Sopkova J, Gallay J, Vincent M, Pancoska P, Lewit-Bentley A
LURE, Centre Universitaire Paris-Sud, Orsay, France.
Biochemistry. 1994 Apr 19;33(15):4490-9. doi: 10.1021/bi00181a008.
The binding of calcium ions to annexin V in the absence of phospholipids has been studied by UV-difference spectroscopy, circular dichroism, and steady-state and time-resolved fluorescence. In the absence of calcium, the unique tryptophan 187, located in domain III of annexin V, is surrounded by a strongly hydrophobic environment, as indicated by its "blue" fluorescence emission maximum (325 nm). This corresponds well with the description of the structure determined by X-ray crystallography of several crystal forms. The Trp187 time-resolved fluorescence decay shows the existence of a fast (picosecond) excited-state reaction which can involve the formation of an H-bond between the indole NH group and the proximate epsilon-OH and/or alpha-carbonyl groups of Thr224. Titration with calcium tends to stabilize the overall structure, as shown by circular dichroism, while leading to large modifications of the local structure around Trp187 making it accessible to the solvent as shown by UV-difference spectra, circular dichroism spectra, and the displacement of its fluorescence emission maximum at saturating concentrations of calcium (350 nm).

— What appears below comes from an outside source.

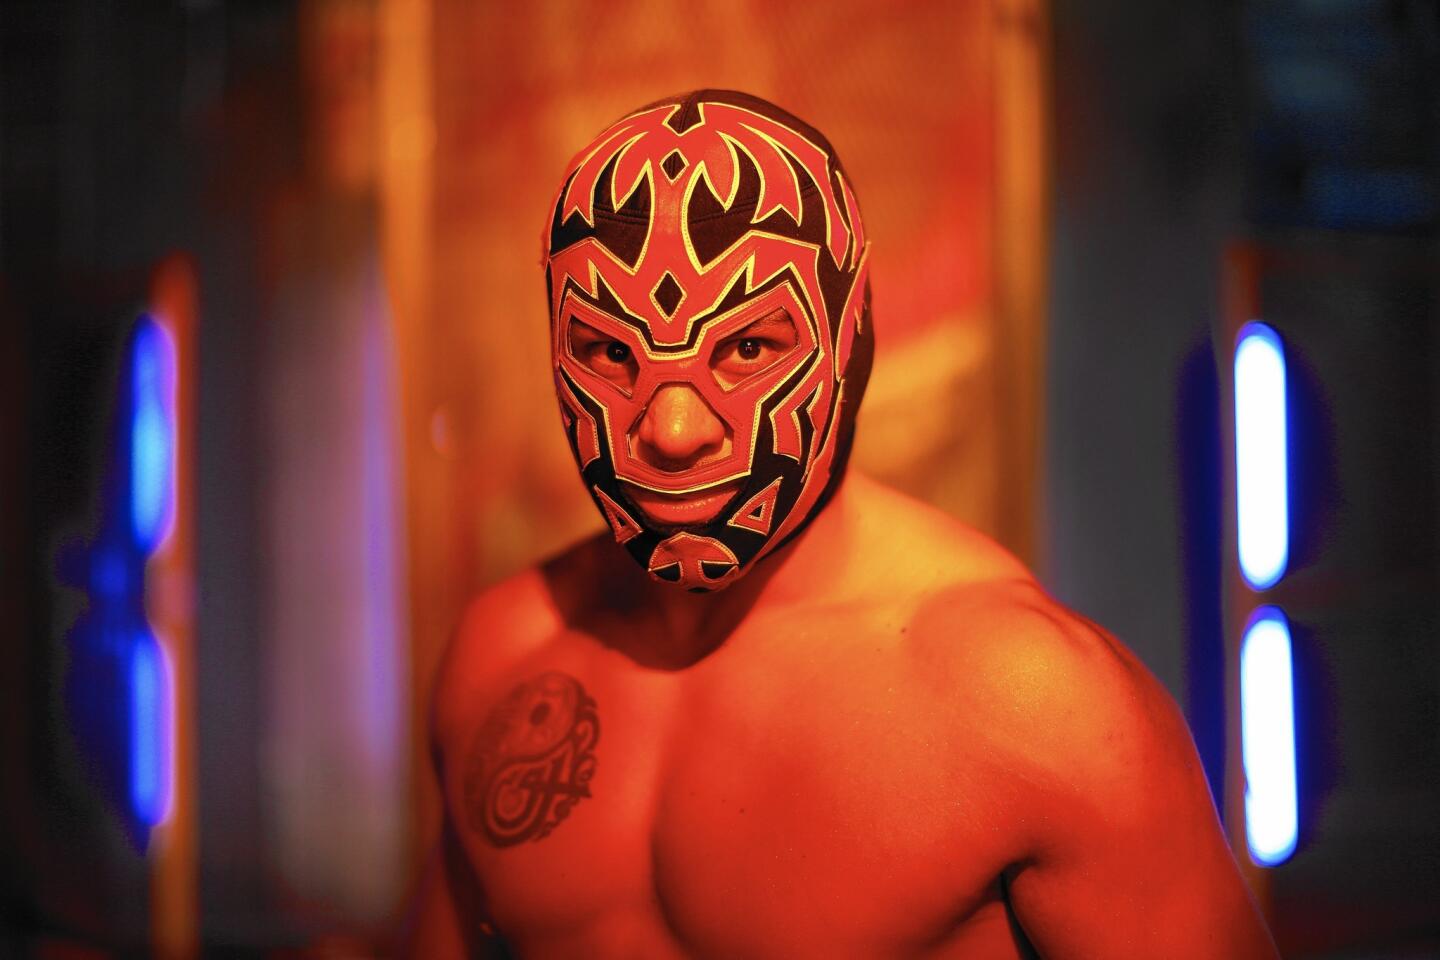 King Cuerno ahead of a bout as part of the "Lucha Underground" wrestling franchise.

A rapid (picosecond) formation of an excited-state complex, probably involving one or a few water molecules of the solvation shell, is observed. These observations correlate well with the conformational change observed in crystal structures obtained in high calcium concentrations, involving the removal of Trp187 from the buried position to the surface of the molecule [Sopkova, J., Renouard, M., & Lewit-Bentley, A. (1993) J. Mol. Biol. 234, 816-825; Concha, N. O., Head, J. F., Kaetzel, M. A., Dedman, J. R., & Seaton, B. A. (1993) Science 261, 1321-1324]. In the solvent-exposed conformation, the indole ring becomes mobile in the subnanosecond and nanosecond time range. This conformational change and the increase in local flexibility can be important for the accommodation of the protein on the surface of phospholipid membranes.
通过紫外差光谱、圆二色光谱以及稳态和时间分辨荧光技术,研究了在无磷脂情况下钙离子与膜联蛋白V的结合。在无钙条件下,膜联蛋白V结构域III中的独特色氨酸187被强疏水环境包围,这由其“蓝色”荧光发射最大值(325nm)表明。这与几种晶体形式的X射线晶体学确定的结构描述非常吻合。色氨酸187的时间分辨荧光衰减显示存在快速(皮秒级)激发态反应,该反应可能涉及吲哚NH基团与苏氨酸224的近端ε-OH和/或α-羰基之间形成氢键。如圆二色光谱所示,用钙滴定倾向于稳定整体结构,同时导致色氨酸187周围局部结构的大量改变,如紫外差光谱、圆二色光谱以及在钙饱和浓度下其荧光发射最大值的位移(350nm)所示,使其可被溶剂接触。观察到快速(皮秒级)形成激发态复合物,可能涉及溶剂化壳中的一个或几个水分子。这些观察结果与在高钙浓度下获得的晶体结构中观察到的构象变化密切相关,该变化涉及色氨酸187从埋藏位置移至分子表面[Sopkova, J., Renouard, M., & Lewit - Bentley, A. (1993) J. Mol. Biol. 234, 816 - 825; Concha, N. O., Head, J. F., Kaetzel, M. A., Dedman, J. R., & Seaton, B. A. (1993) Science 261, 1321 - 1324]。在溶剂暴露的构象中,吲哚环在亚纳秒和纳秒时间范围内变得可移动。这种构象变化和局部灵活性的增加对于蛋白质在磷脂膜表面的容纳可能很重要。